The EpiQuik™ DNA Demethylase Activity/Inhibition Assay Ultra Kit is a complete set of essential components which enables an experimenter to measure total DNA demethylase activity/inhibition. The kit can be used with nuclear extracts from a broad range of species such as mammals and plants, in a variety of forms including, but not limited to, cultured cells and fresh tissues. The EpiQuik™ DNA Demethylase Activity/Inhibition Assay Ultra Kit has the following features:

• Colorimetric assay with easy-to-follow steps for convenience and speed. The entire procedure can be completed within 4 hours.
• Safe and innovative colorimetric assay without the need for radioactivity, extraction, or chromatography.
• An ultra-sensitive detection limit, as low as 1 µg of nuclear extract, which is five times more sensitive than the predecessor kit.
• 96 strip-well microplate format allows for either low or high throughput analysis.

Background Information
DNA demethylation is necessary for the epigenentic reprogramming of genes and is also directly involved in many important disease mechanisms such as tumor progression. Demethylation of DNA can either be passive or active, or a combination of both. Passive DNA demethylation usually takes place on newly synthesized DNA strands via DNMT1 during replication rounds. Active DNA demethylation mainly occurs by the removal of 5-methylcytosine through further modified cytosine bases which have been converted by TET enzyme-mediated oxidation. These oxidation products have been shown to be repaired by TDG, a glycosylase which is involved in base excision repair, or directly converted to cytosine by DNMT3A/ DNMT3B in oxidative states. It is proposed that DNA demethylation could also be initiated by deamination of 5-mC through candidate deaminases including AID and APOBEC1, which convert 5-mC to thymine. The resulting thymine could be repaired by BER initiated by a T-G mismatch glycosylase such as MBD4 or TDG. In addition, the 5-mC base can be directly removed in plants by the DME/ROS1 family of 5-mC DNA glycosylases, resulting in an abasic site that is repaired by the BER process.

Principle & Procedure
In an assay with this kit, the unique methylated DNA substrate is stably captured on the strip wells. Active DNA demethylases bind to and demethylate the DNA substrate. The methylated DNA can be recognized with a high affinity 5-methylcytosine antibody and the immuno-signal is enhanced with enhancer solution. The ratio or amount of methylated DNA, which is inversely proportional to enzyme activity, can then be colorimetrically quantified through an ELISA-like reaction. 

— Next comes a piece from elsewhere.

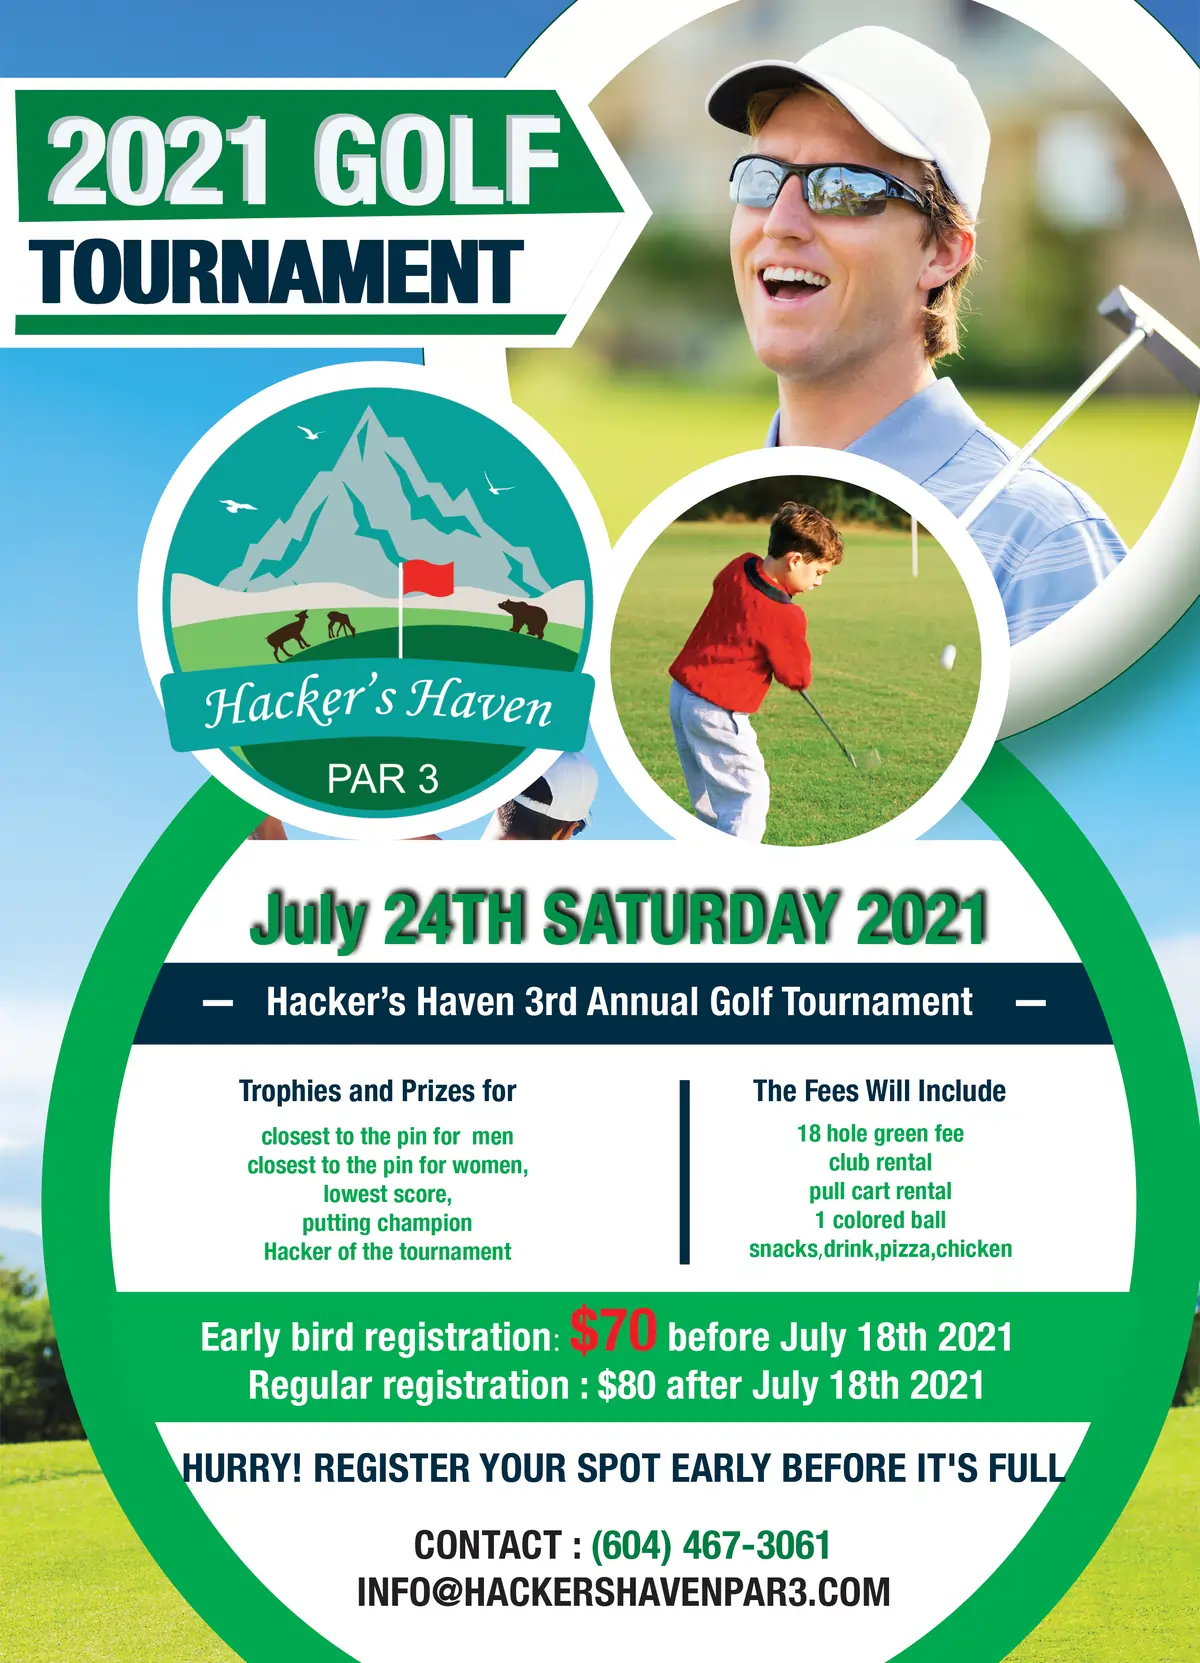 Hacker’s Haven Annual Golf Tournament poster

Starting Materials & Input Amount
The amount of nuclear extracts for each assay can be from 2 µg to 20 µg with an optimal range of 5 to 10 µg.  We recommend using Epigentek's nuclear extraction kit for optimal results.

Fig. 1. Schematic procedure of the EpiQuik™ DNA Demethylase Activity/Inhibition Assay Ultra Kit.

Fig. 2. Assay control standard was added into the assay wells at different concentrations and then measured with the DNA Demethylase Activity/Inhibition Assay Ultra Kit.